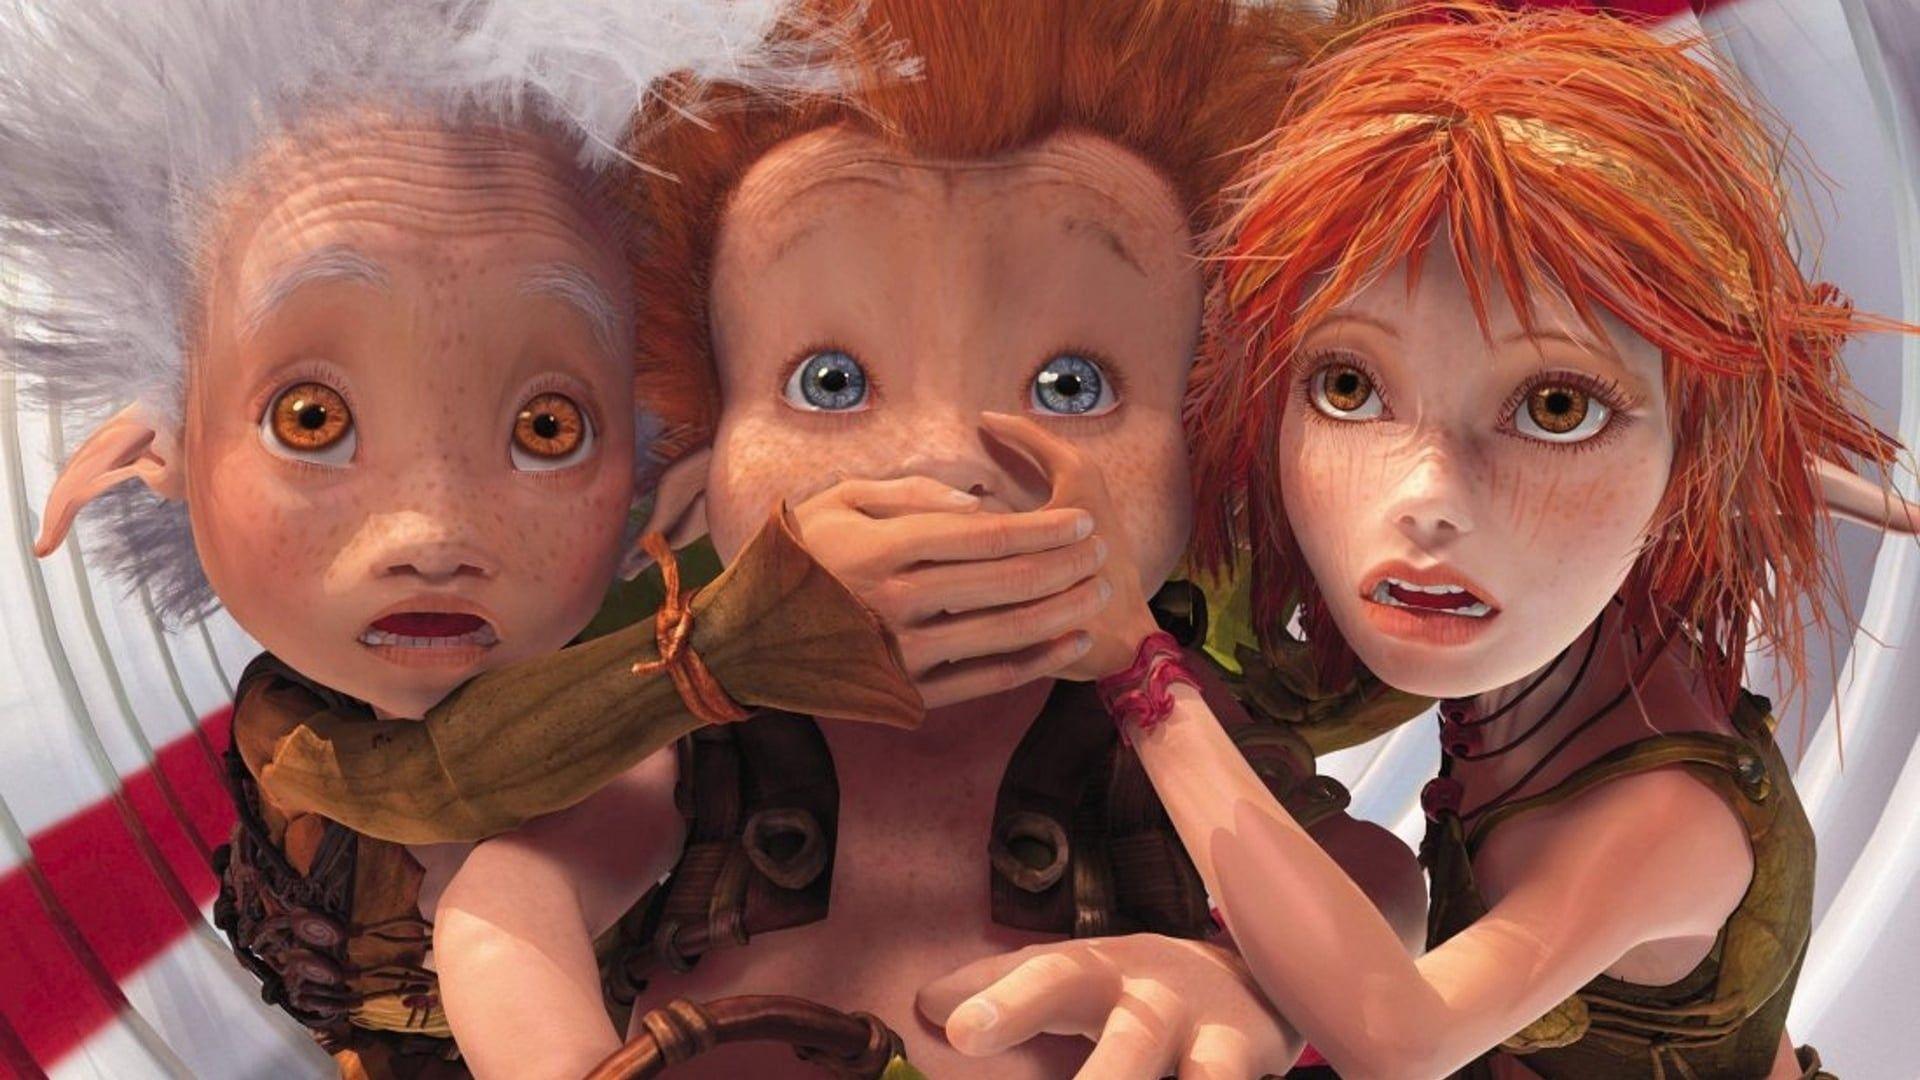 Arthur Und Die Minimoys 2006 Ganzer Film Deutsch Komplett Kino So Hat Arthur Sich Die Sommerferien Nich Arthur And The Invisibles Animated Movies Comedy Movies
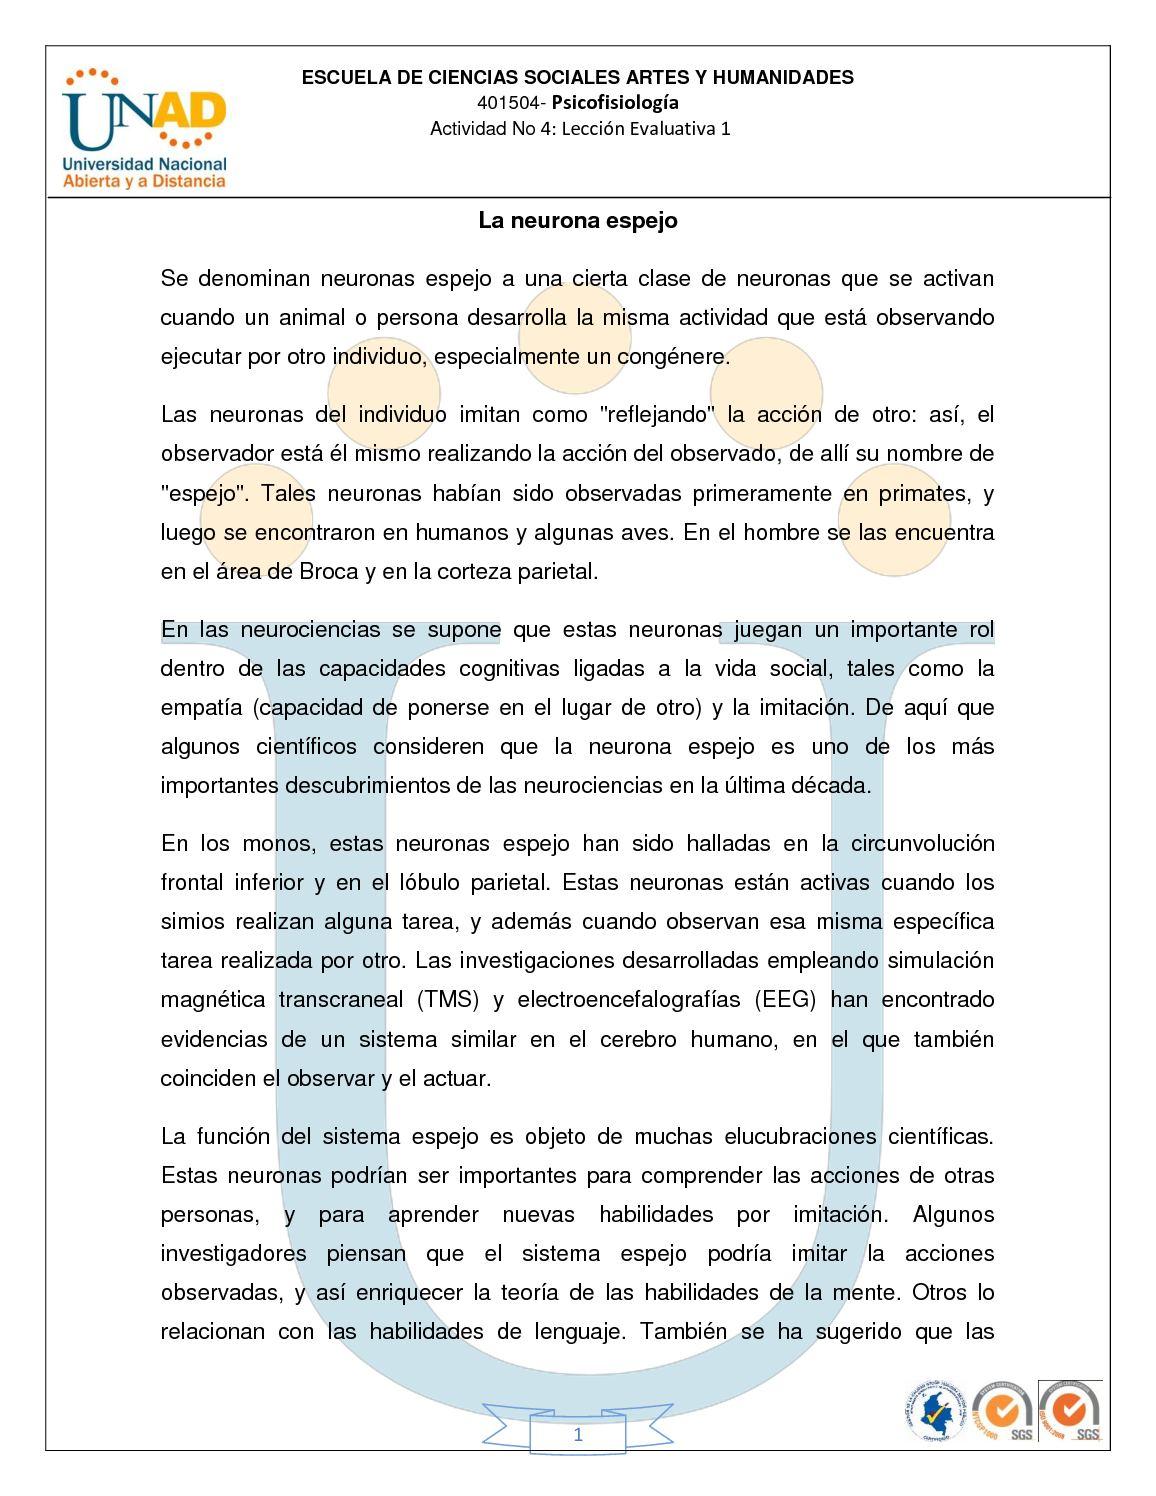 5. LA NEURONA ESPEJO
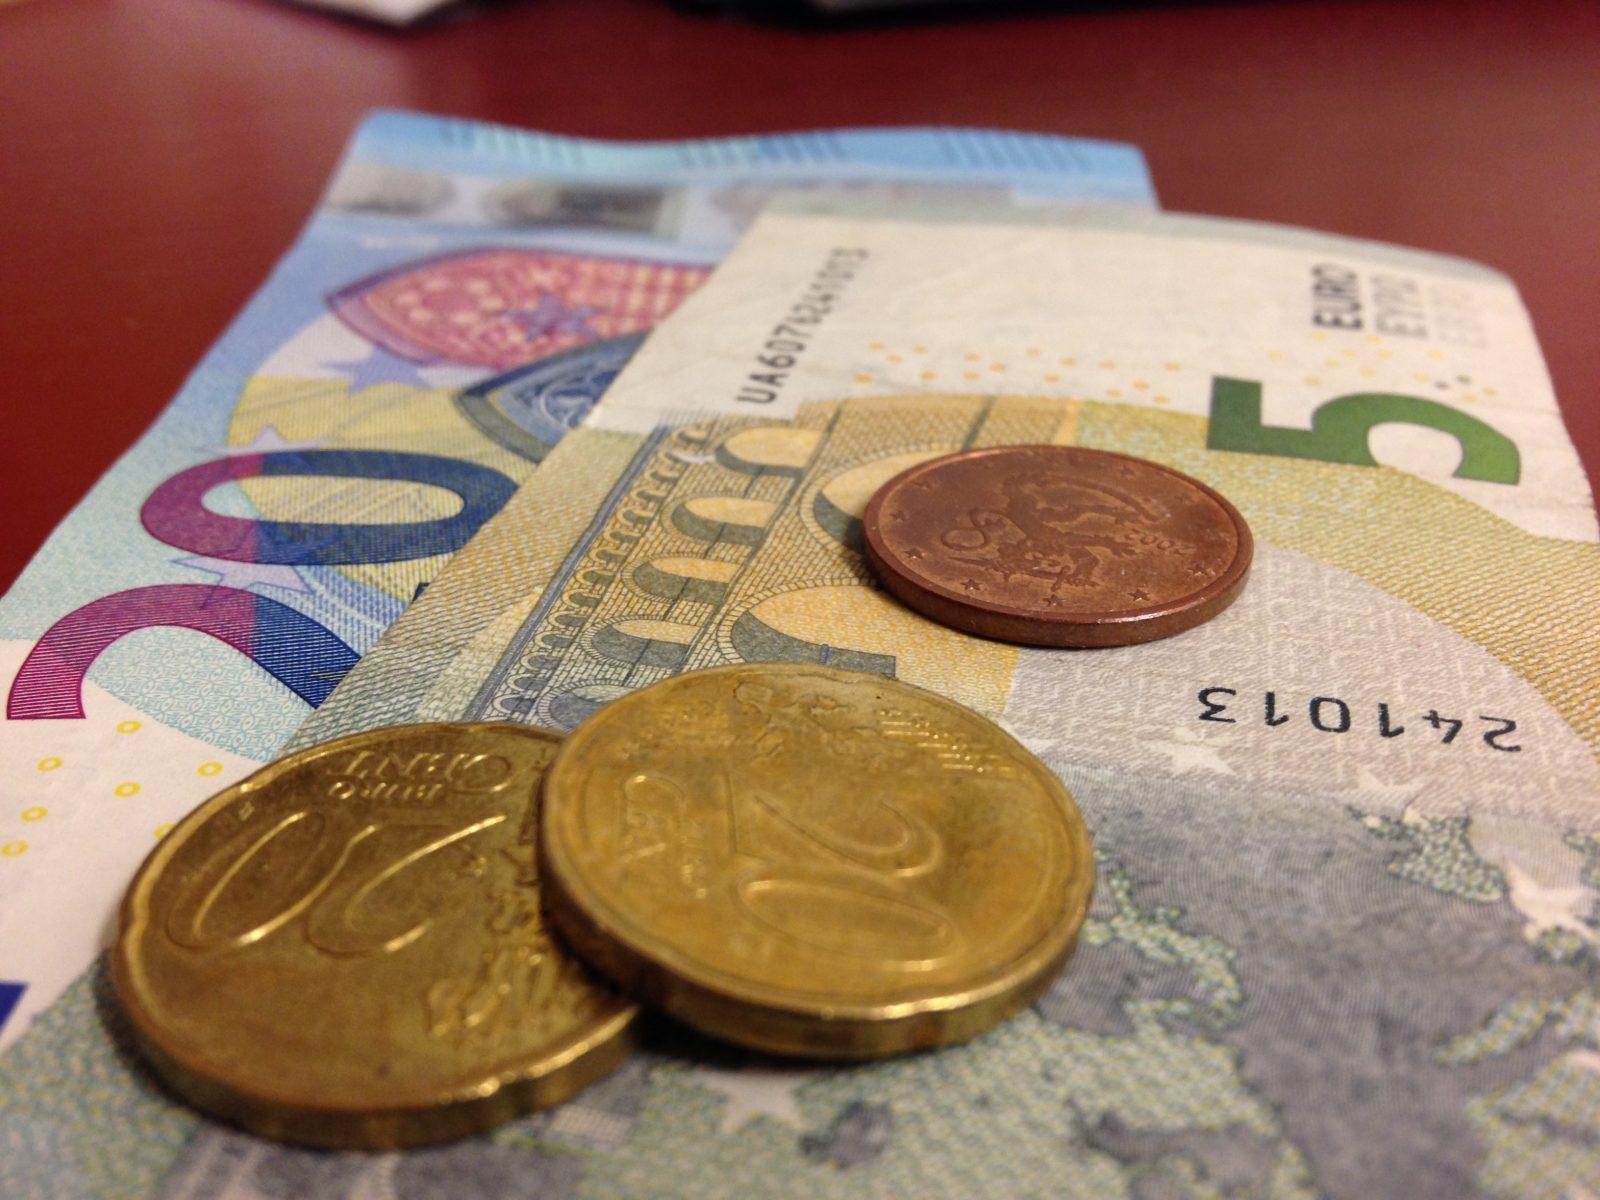 Kuvassa 20 ja 5 euron setelit ja kolme kolikkoa niiden päällä.
──────────────────────────────
TASK TO CARRY OUT: Only the listing above, set down exactly and without pictures, belongs in the answer.

YOUR RESPONSE:
 Arthur Und Die Minimoys 2006 Ganzer Film Deutsch Komplett Kino So Hat Arthur Sich Die Sommerferien Nich Arthur And The Invisibles Animated Movies Comedy Movies
 5. LA NEURONA ESPEJO
 Kuvassa 20 ja 5 euron setelit ja kolme kolikkoa niiden päällä.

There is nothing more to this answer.